Indeed, Mason law graduates consistently pull in higher-than-average scores for the Virginia Bar exam, beating the overall state pass rates. Then, there are the notable alumni, such as Will Consovoy, JD ’01, who was selected to serve as a law clerk to United States Supreme Court Associate Justice Clarence Thomas—the first School of Law graduate to be selected for a clerkship on the country’s highest court.

In addition, Ken Cuccinelli, JD ’95, became Mason’s first alumnus elected to statewide office last year when he won the Virginia state attorney race. Sean Connaughton, JD ’92, was recently named Virginia’s transportation secretary by incoming governor Bob McDonnell. Mason’s alumni pool also boasts an impressive number of seated judges across the country.

Keeping in mind the school’s relative youth—three decades is not a long time in the law school world—Polsby points out that the School of Law’s distinguished alumni base will continue to increase as time goes on and as more and more students graduate.

“Our alumni are making a mark in the world, and that’s something we can all take a great deal of pride in,” says Foundation Professor of Law Todd Zywicki.

Of course, behind every great alumnus is a great faculty member. One report gives Mason’s law faculty a mean ranking of 21 in scholarly impact among the top 35 law schools in a 2007 study. In 2009, Mason’s School of Law was ranked 17 by total new downloads of scholarly papers for U.S. law schools. In addition, six full-time faculty members are listed among the top 200 law authors for total new downloads.

A law student working in the library in 1980

And whether it’s testifying before Congress or writing for one of the several respected law blogs affiliated with the school, faculty members are highly visible in the national capital area and across the country.

Zywicki credits Mason’s environment “that’s conducive to intellectual curiosity” with helping to retain its highly qualified faculty. “I’ve visited a lot of other law schools, but whenever I come back, I feel I’ve come to my intellectual home,” Zywicki says. “Mason does not labor under a lot of baggage that is so stifling at other universities.”

Planning for the Future

With notable alumni and star faculty, every year the standards for admission get more competitive. The 247 first-year law students enrolled in fall 2009 were selected from an applicant pool of 5,273 prospective students, 25 percent of whom received offers of admission.

And every year, the caliber of students rises. The 2009 entering class has a median LSAT score of 163 and a median GPA of 3.72, and incoming students hold a total of 30 advanced degrees. Every year, law students are awarded various accolades, including the 2009 Distinguished Writing Award from the Burton Foundation for student Elizabeth Maher.

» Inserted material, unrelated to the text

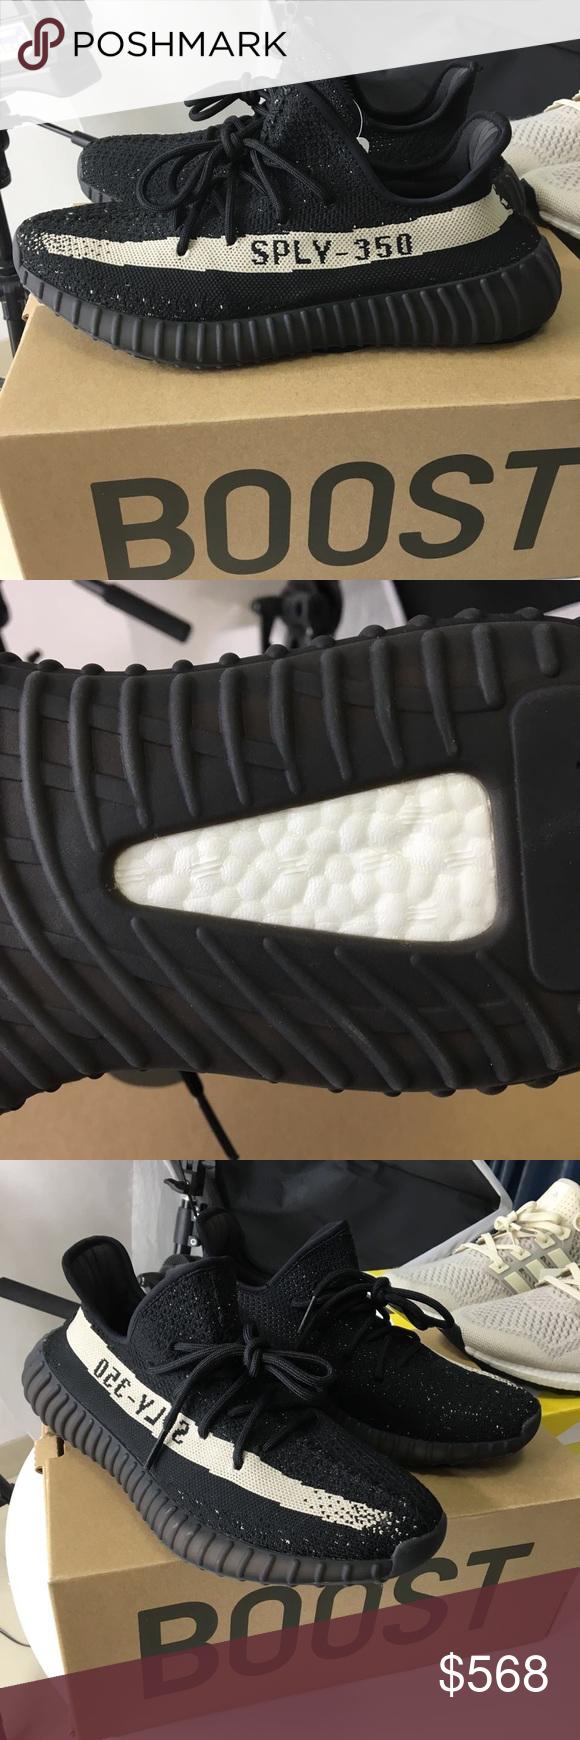 4d987230292 Adidas Yeezy Boost V2 Oreo size 9.5 Adidas Yeezy Boost V2 Oreo size 9.5 adidas  Shoes Sneakers

Kathryn Cryzster, JD ’09, says, “Mason is a small school with access to all the resources that the Washington metropolitan area has to offer. Students have the opportunity to interact with professors and other students one on one during class and then see the legal system in action after class through mentorship programs, internships, and jobs in the nation’s capital.”

“We’re going to confront financial constraints, but we’ve discovered a business plan that works,” says Zywicki. “We keep continuing to get excellent faculty, better students, and a higher public profile. We’re going to continue to build on those fundamentals—and hope our rivals don’t steal too many of our ideas.”